Task details. Return, exactly and with nothing added, the line with "Scionlife.com 2018 Toyota" together with all lines after it through the end of the data below. No pictures belong in the copy.

Data block.
◇ ◇ ◇ ◇ ◇

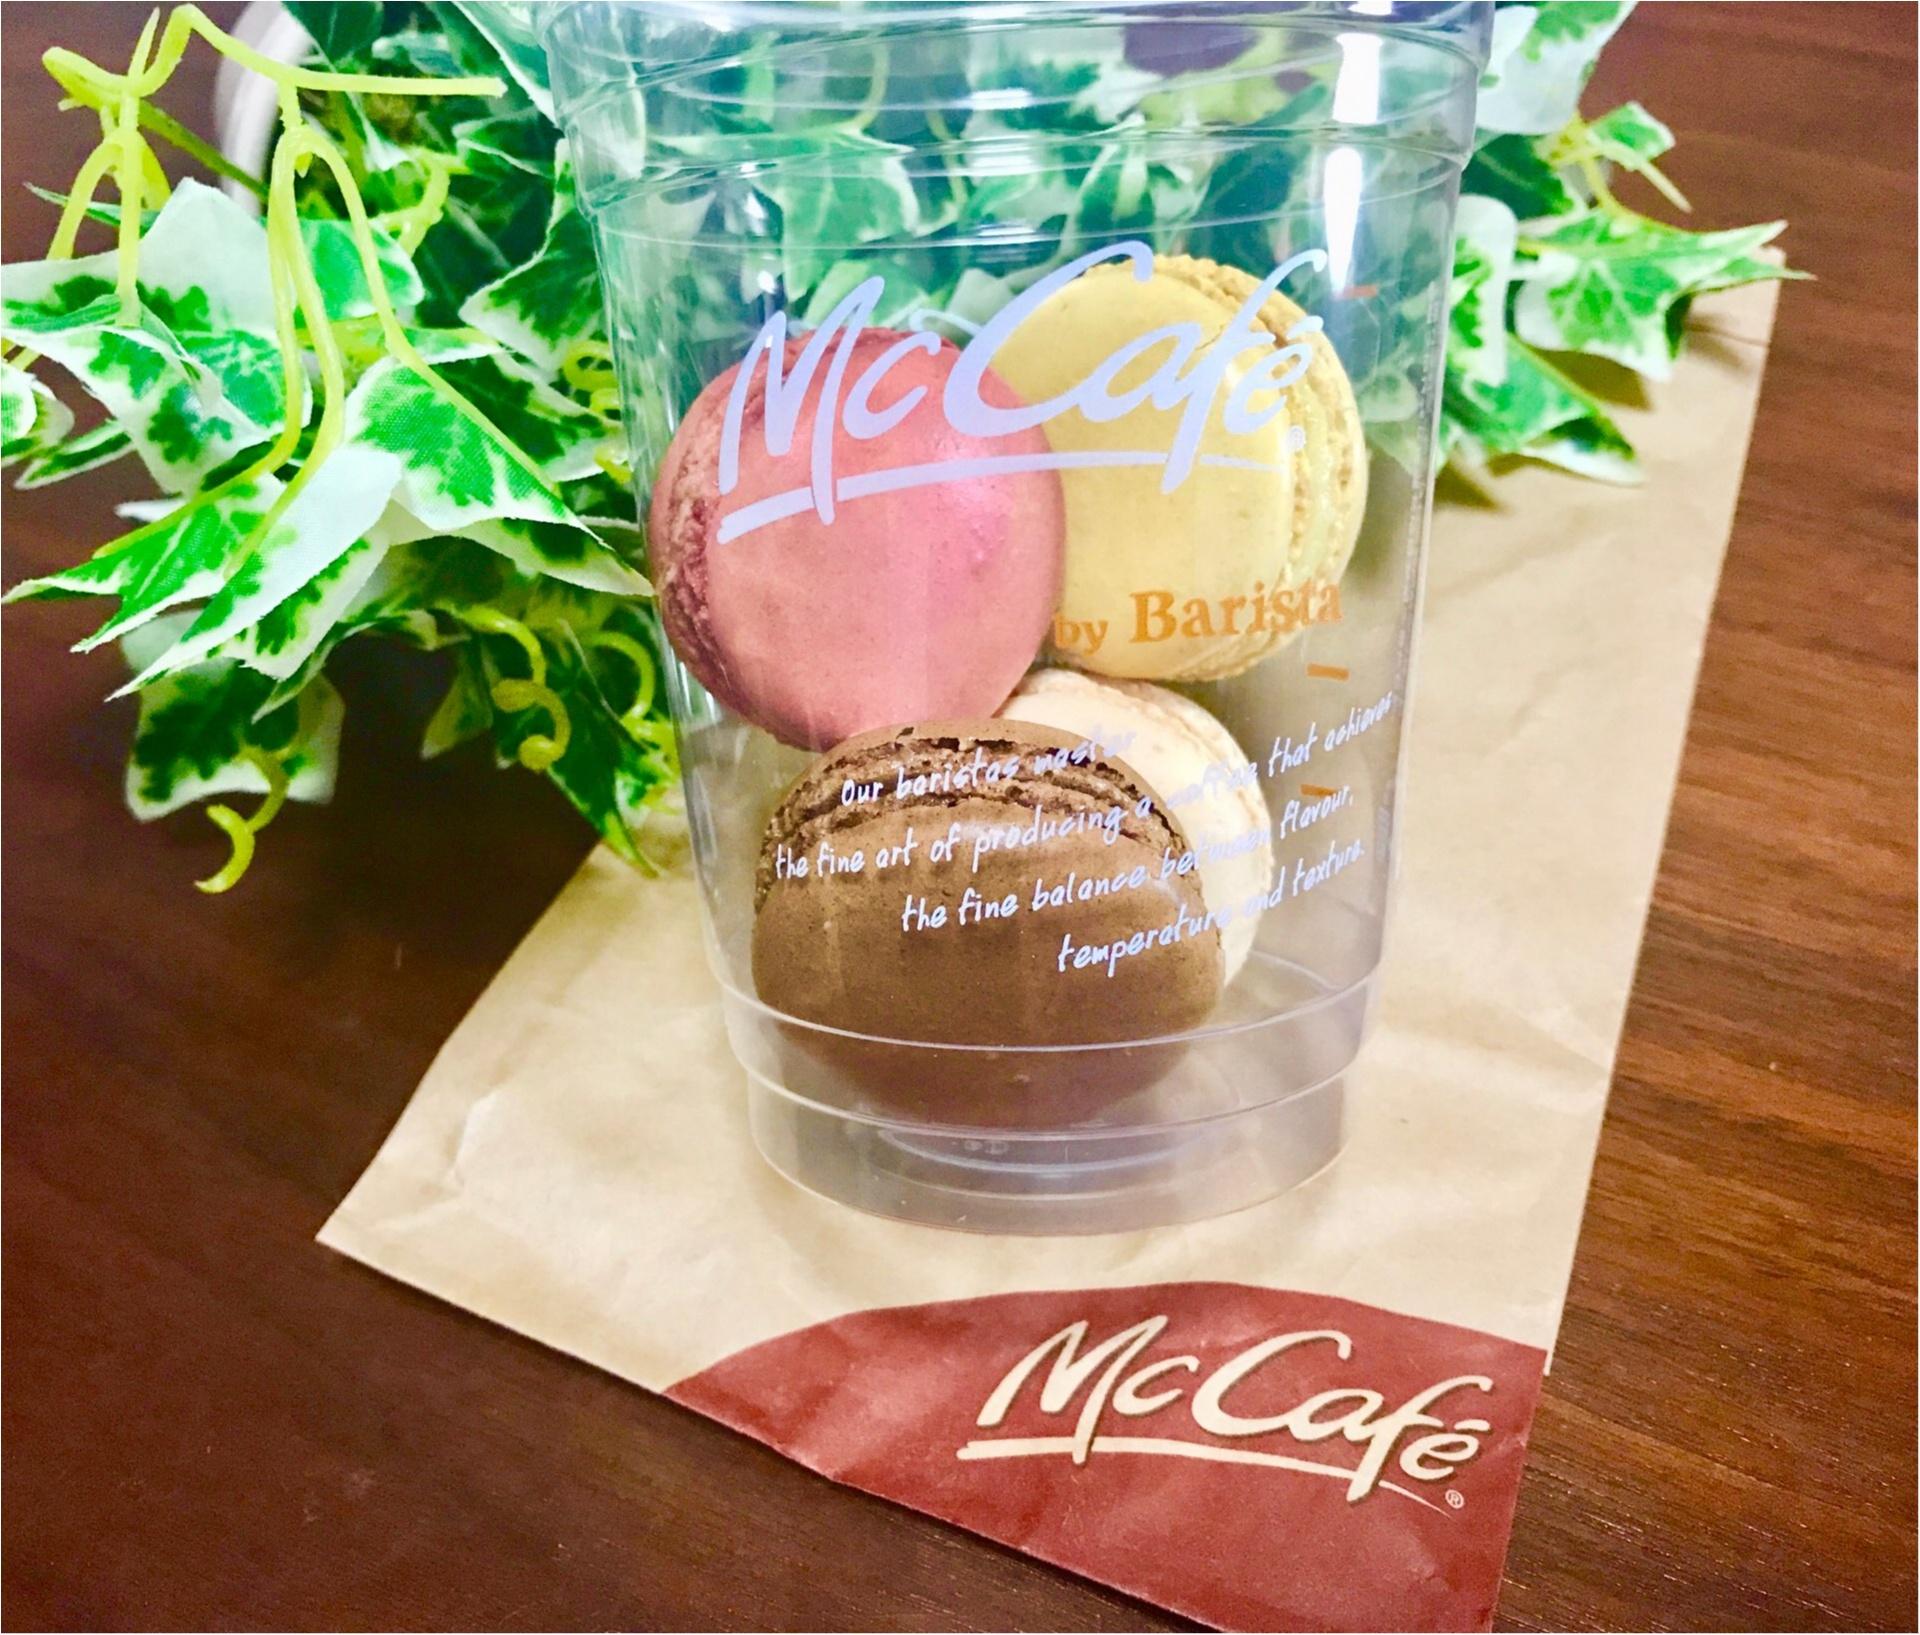 【McCafe by Barista】フランス直輸入!4種類の《マカロン》がレギュラーメニューで再登場❤︎本格マカロンがお手頃価格で食べれちゃいます♡♡_1
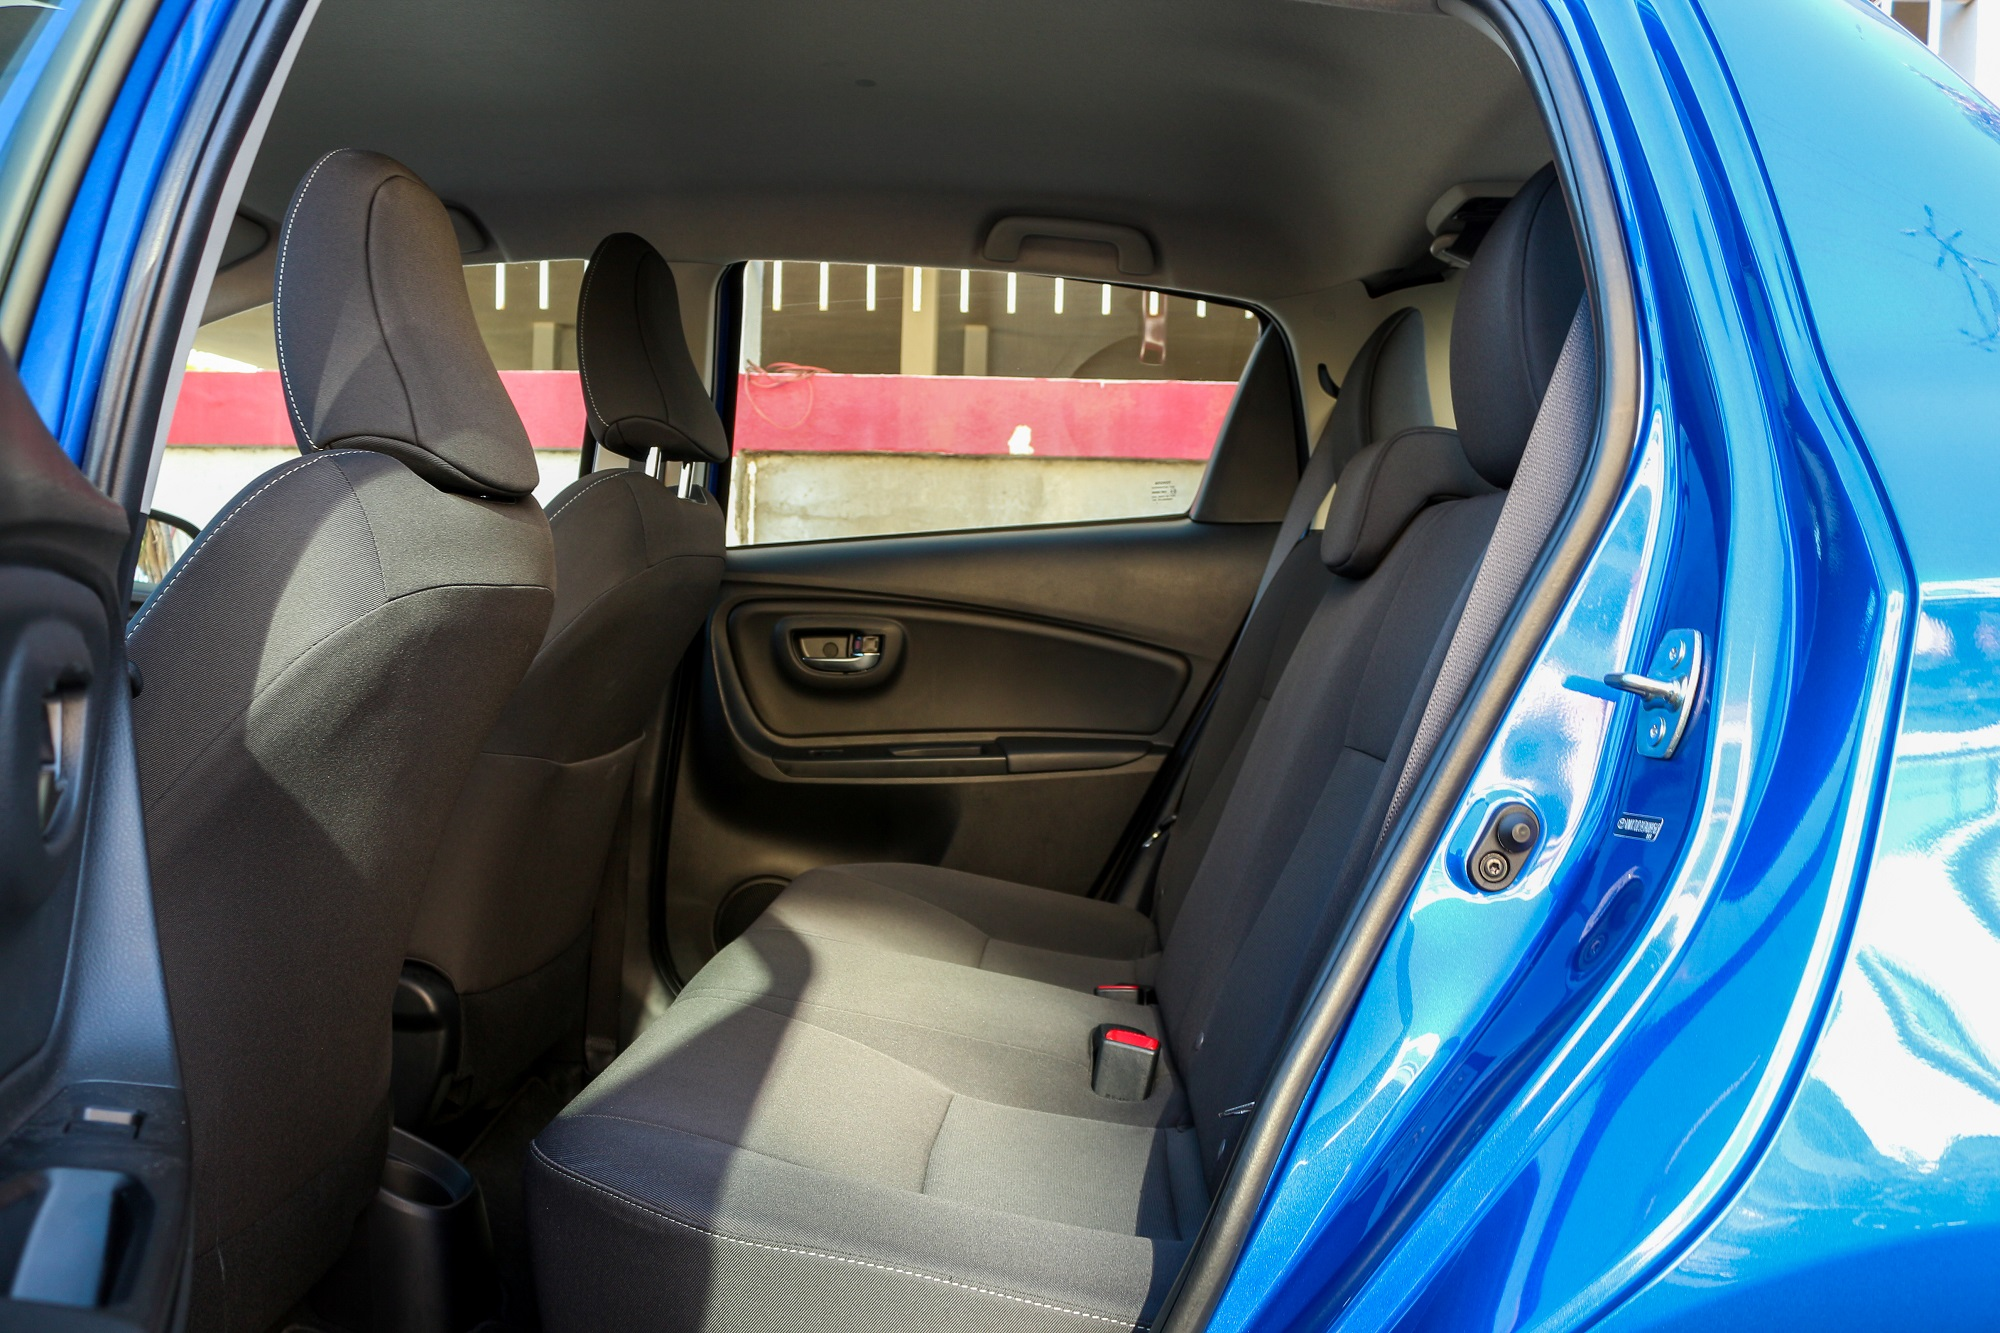 Scionlife.com 2018 Toyota Yaris SE Hatchback Review Test
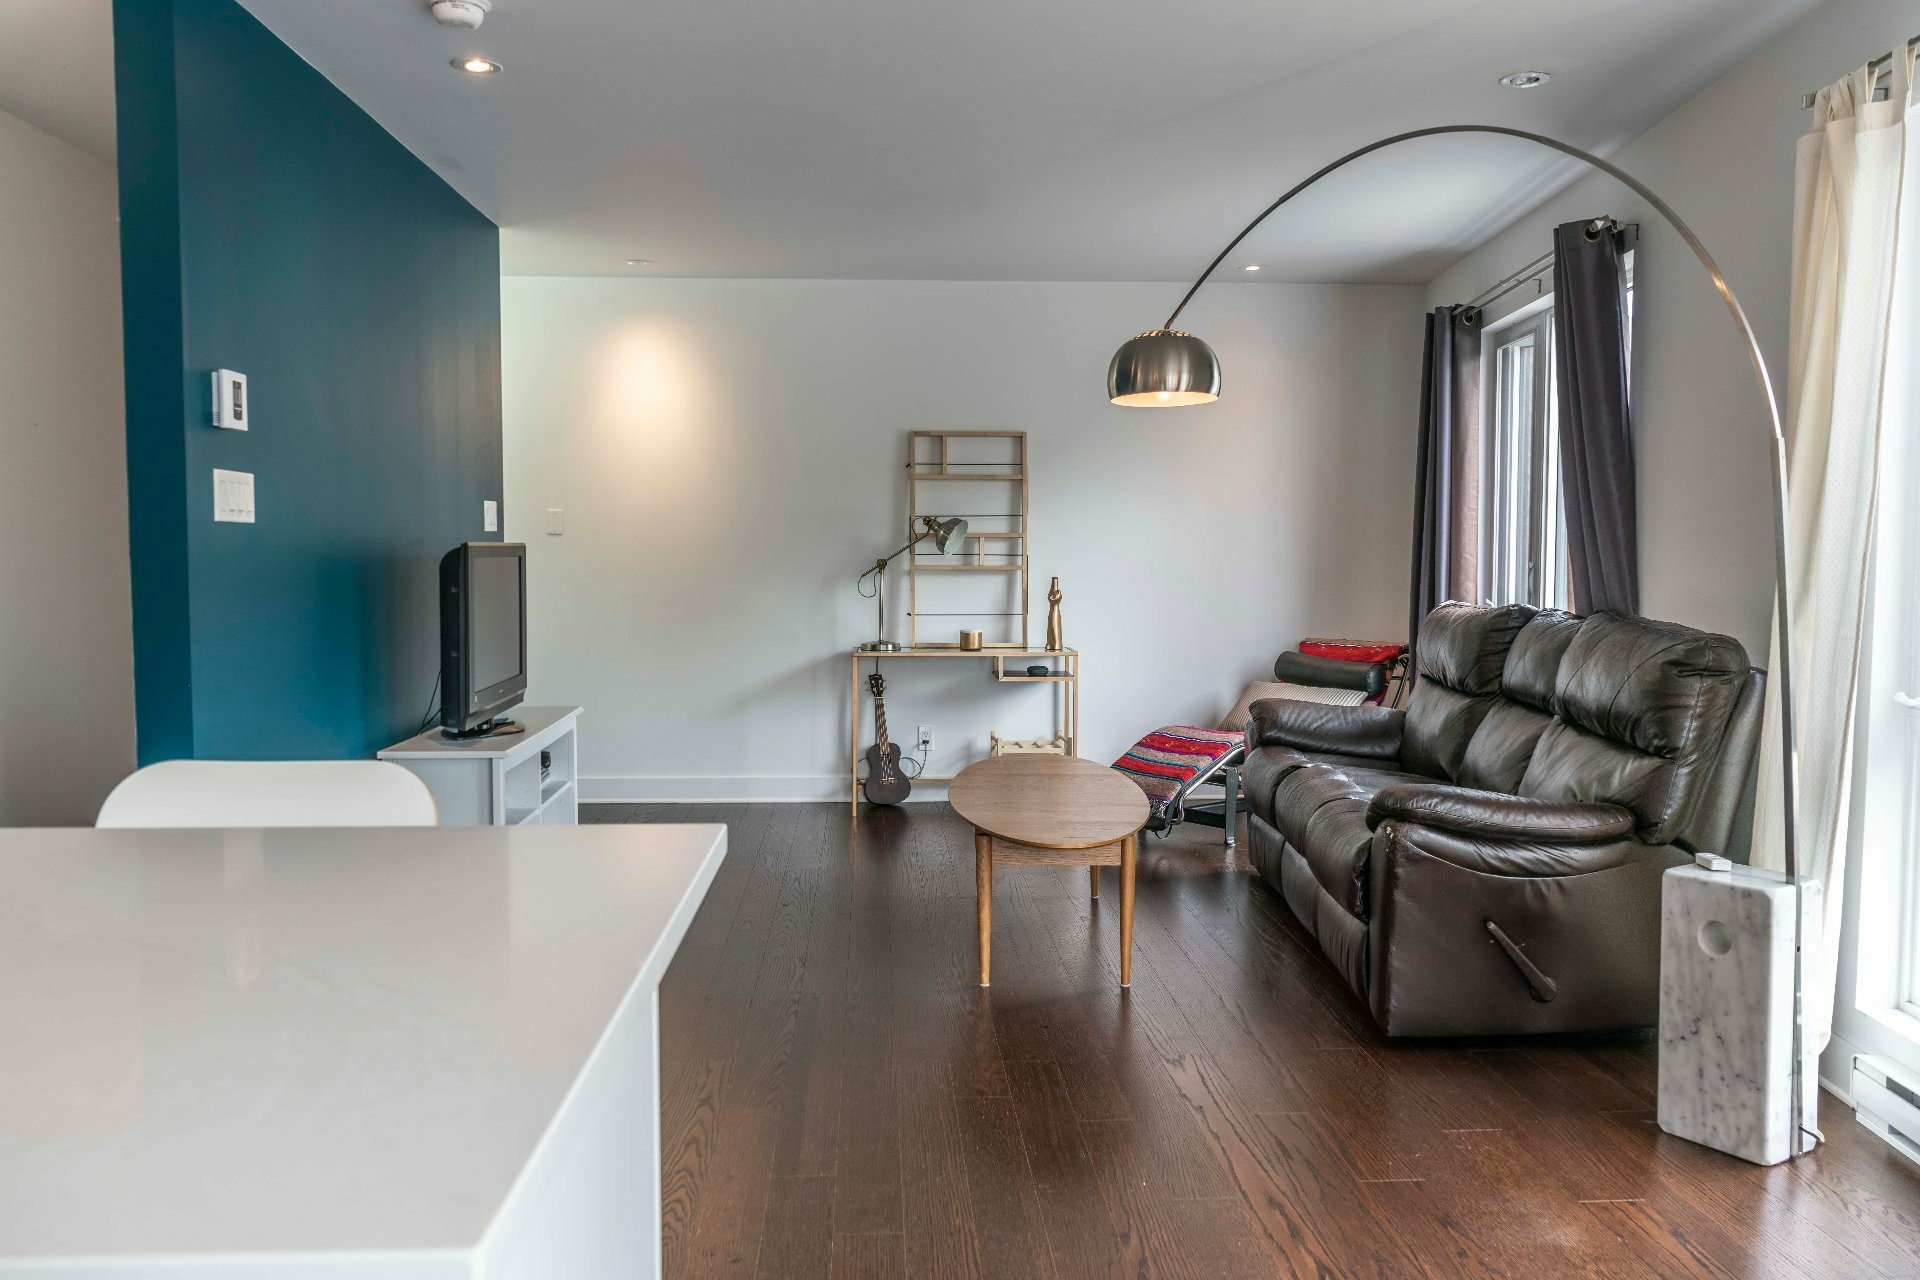 image 4 - Apartment For sale Montréal Le Sud-Ouest  - 5 rooms

◇ ◇ ◇ ◇ ◇

The completed task.
 Scionlife.com 2018 Toyota Yaris SE Hatchback Review Test
 image 4 - Apartment For sale Montréal Le Sud-Ouest  - 5 rooms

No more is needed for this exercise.